* _Data section_:
⁂

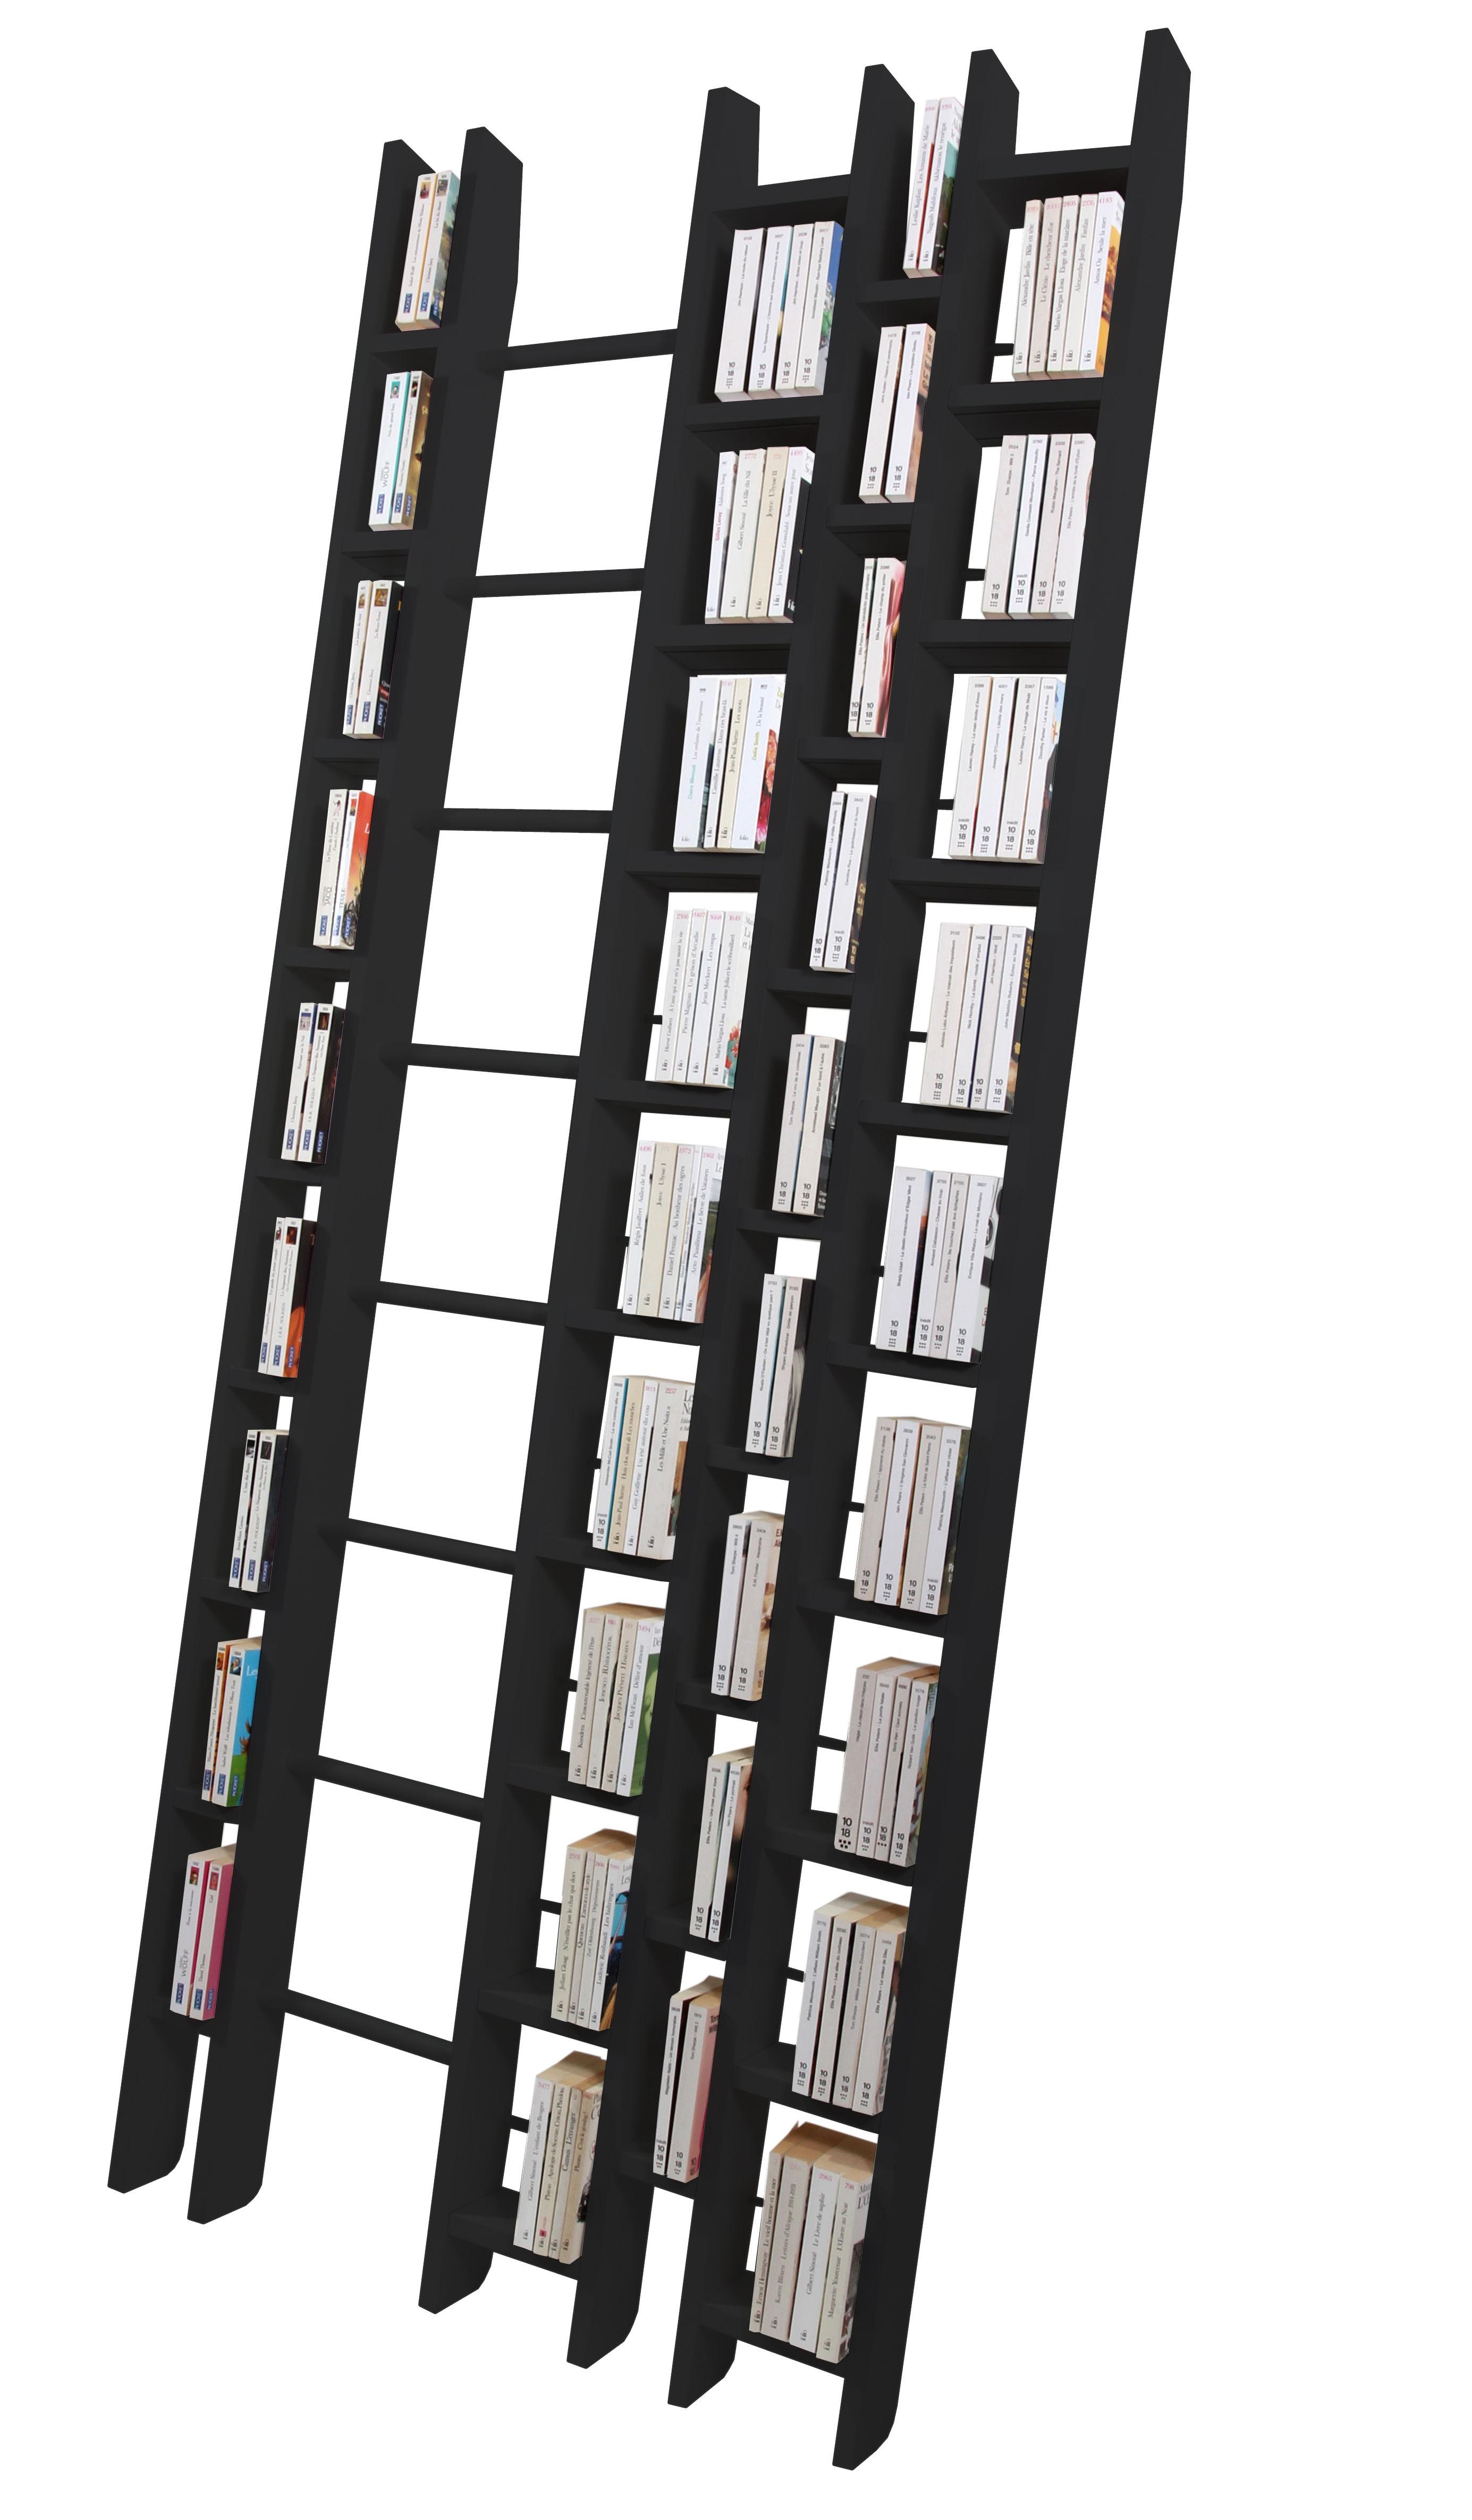 Arredamento - Scaffali e librerie - Libreria Hô + - larghezza 96 cm - Esclusiva di La Corbeille - Nero - Hêtre massif laqué
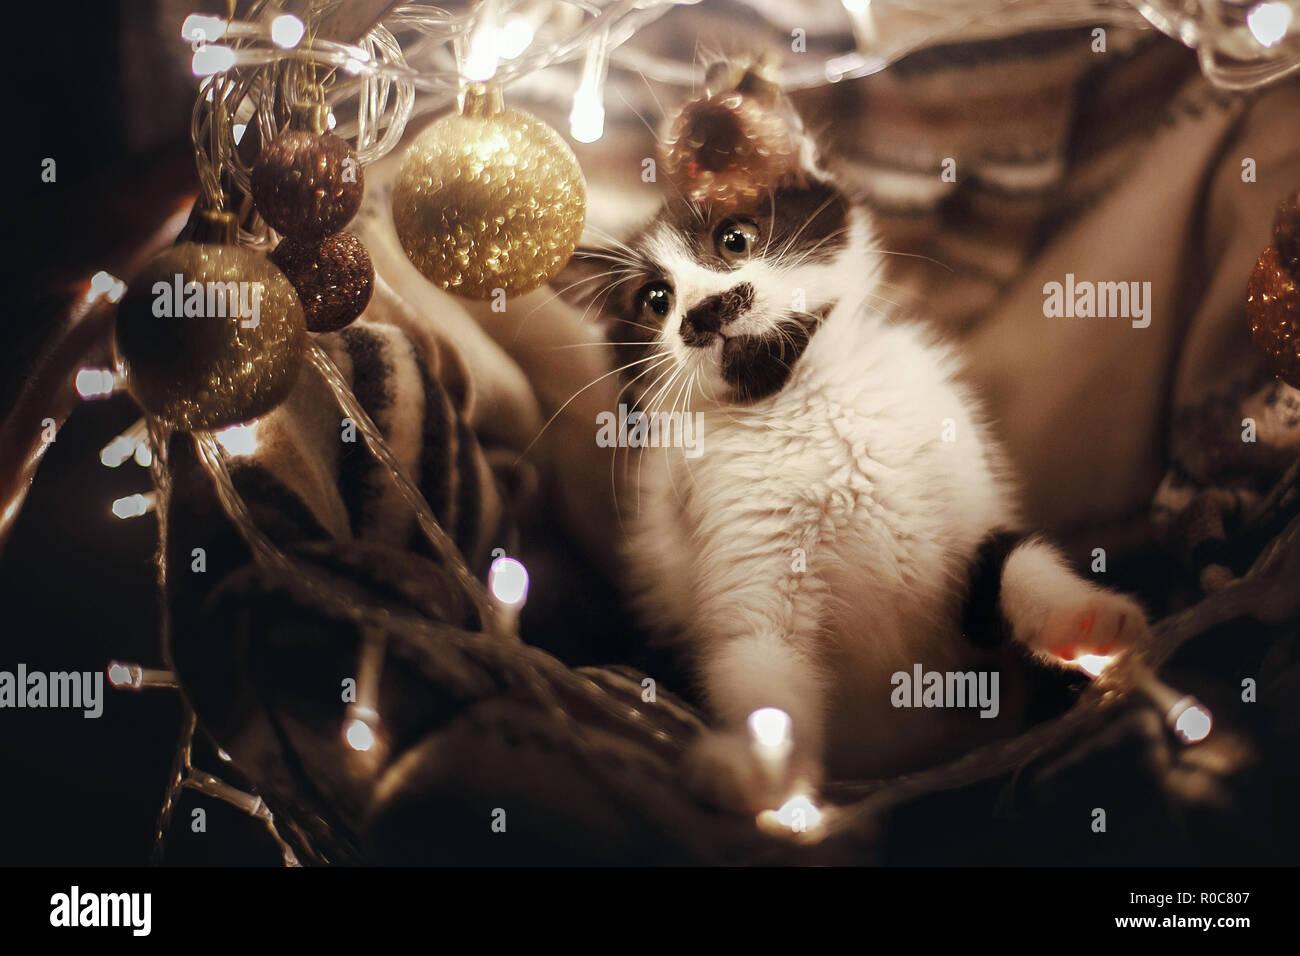 Cute Kitty spielen mit Ornamenten in Korb mit Leuchten unter Weihnachtsbaum in festlichem Zimmer. Adorable lustig Kitten mit tollen Augen. Frohe Weihnachten Stockbild
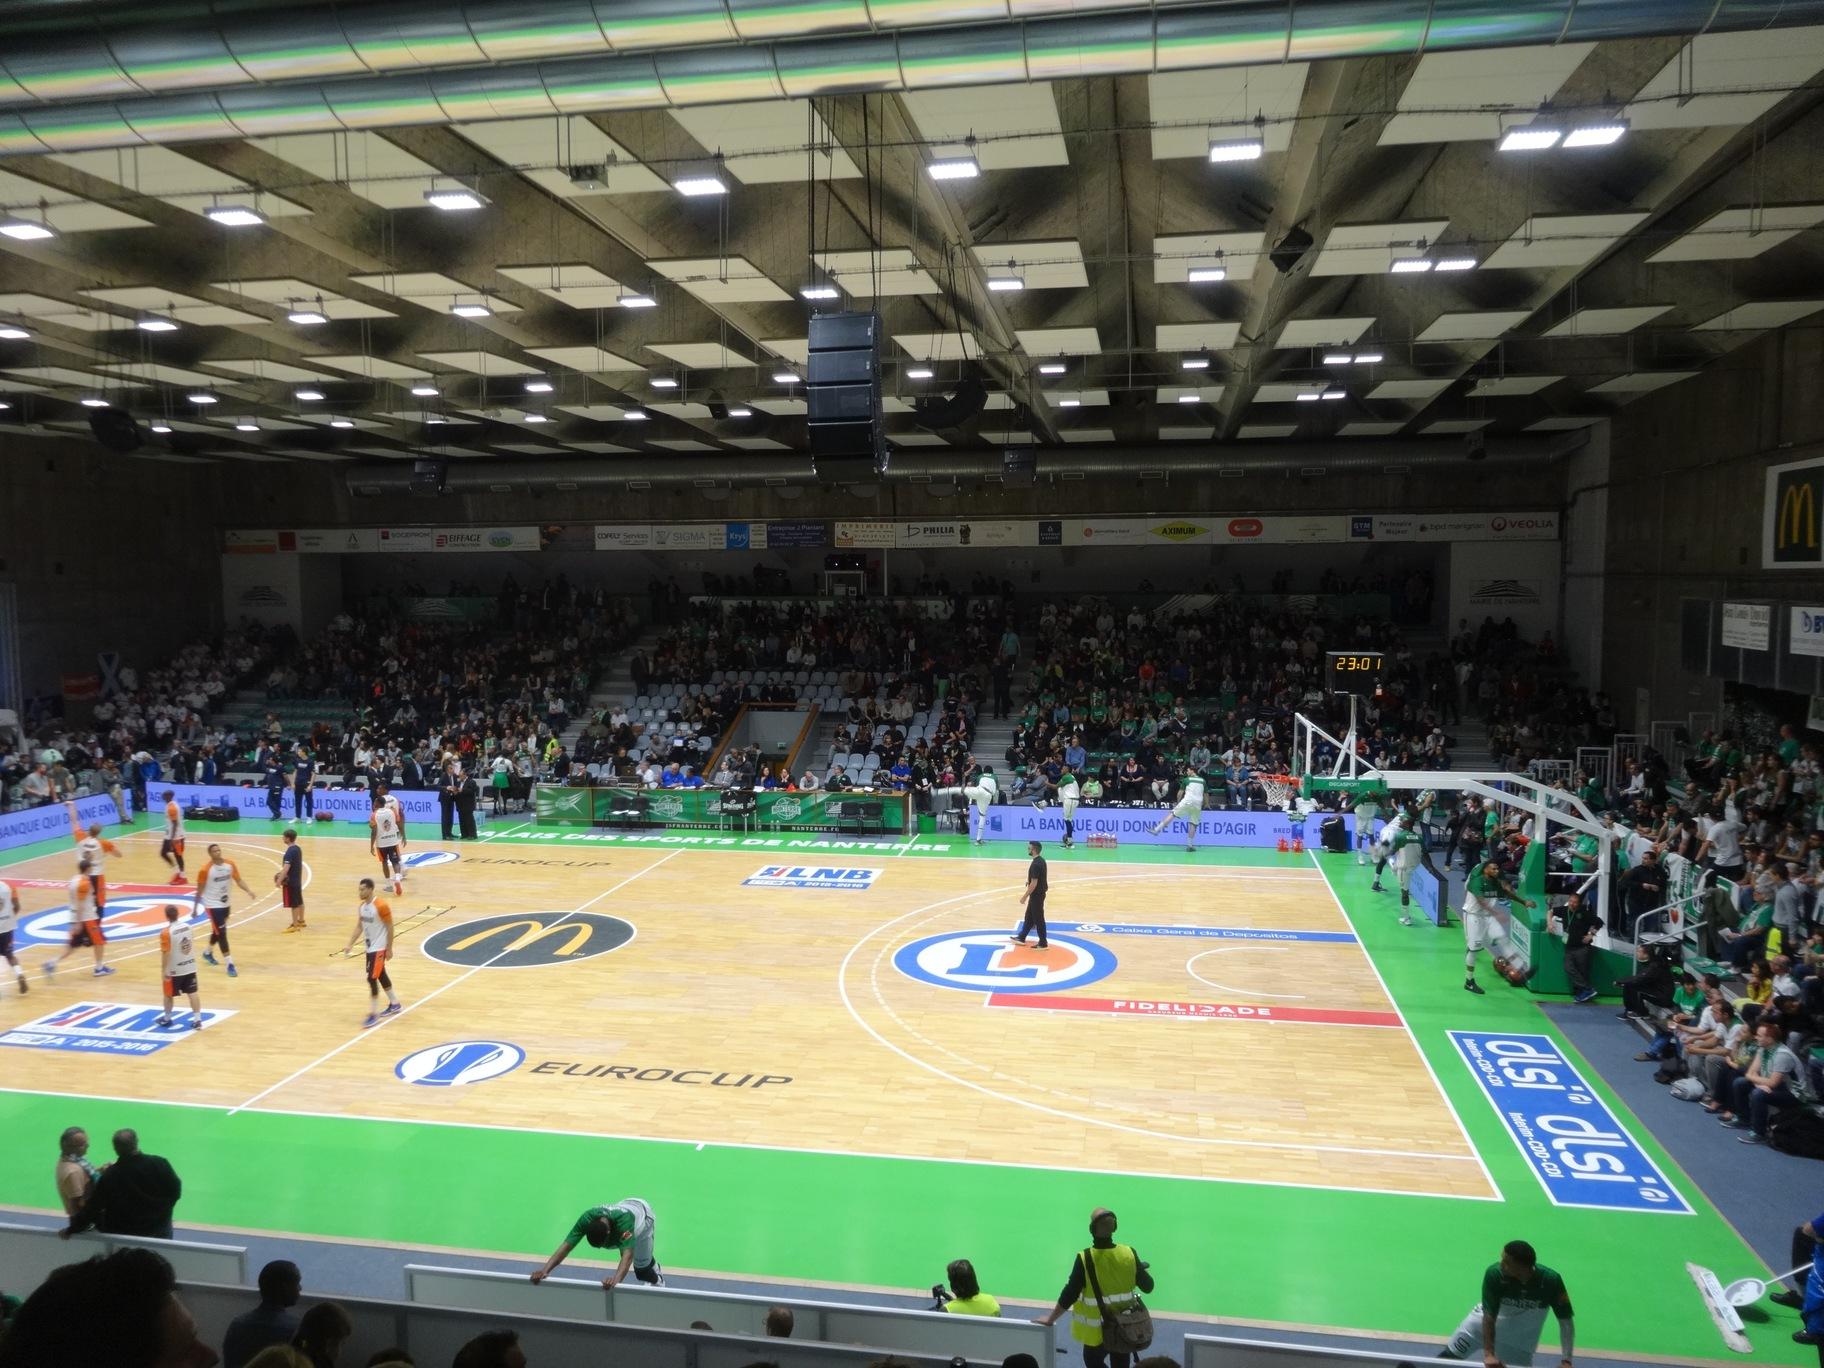 Inauguration Du Nouveau Palais Des Sports Maurice Thorez ... pour Piscine Du Palais Des Sports À Nanterre Nanterre

⁂

* _Work task_: Transcribe the preceding listing in its entirety and with exact wording, leaving out pictures.

* _Response to this exercise_:
 Arredamento - Scaffali e librerie - Libreria Hô + - larghezza 96 cm - Esclusiva di La Corbeille - Nero - Hêtre massif laqué
 Cute Kitty spielen mit Ornamenten in Korb mit Leuchten unter Weihnachtsbaum in festlichem Zimmer. Adorable lustig Kitten mit tollen Augen. Frohe Weihnachten Stockbild
 Inauguration Du Nouveau Palais Des Sports Maurice Thorez ... pour Piscine Du Palais Des Sports À Nanterre Nanterre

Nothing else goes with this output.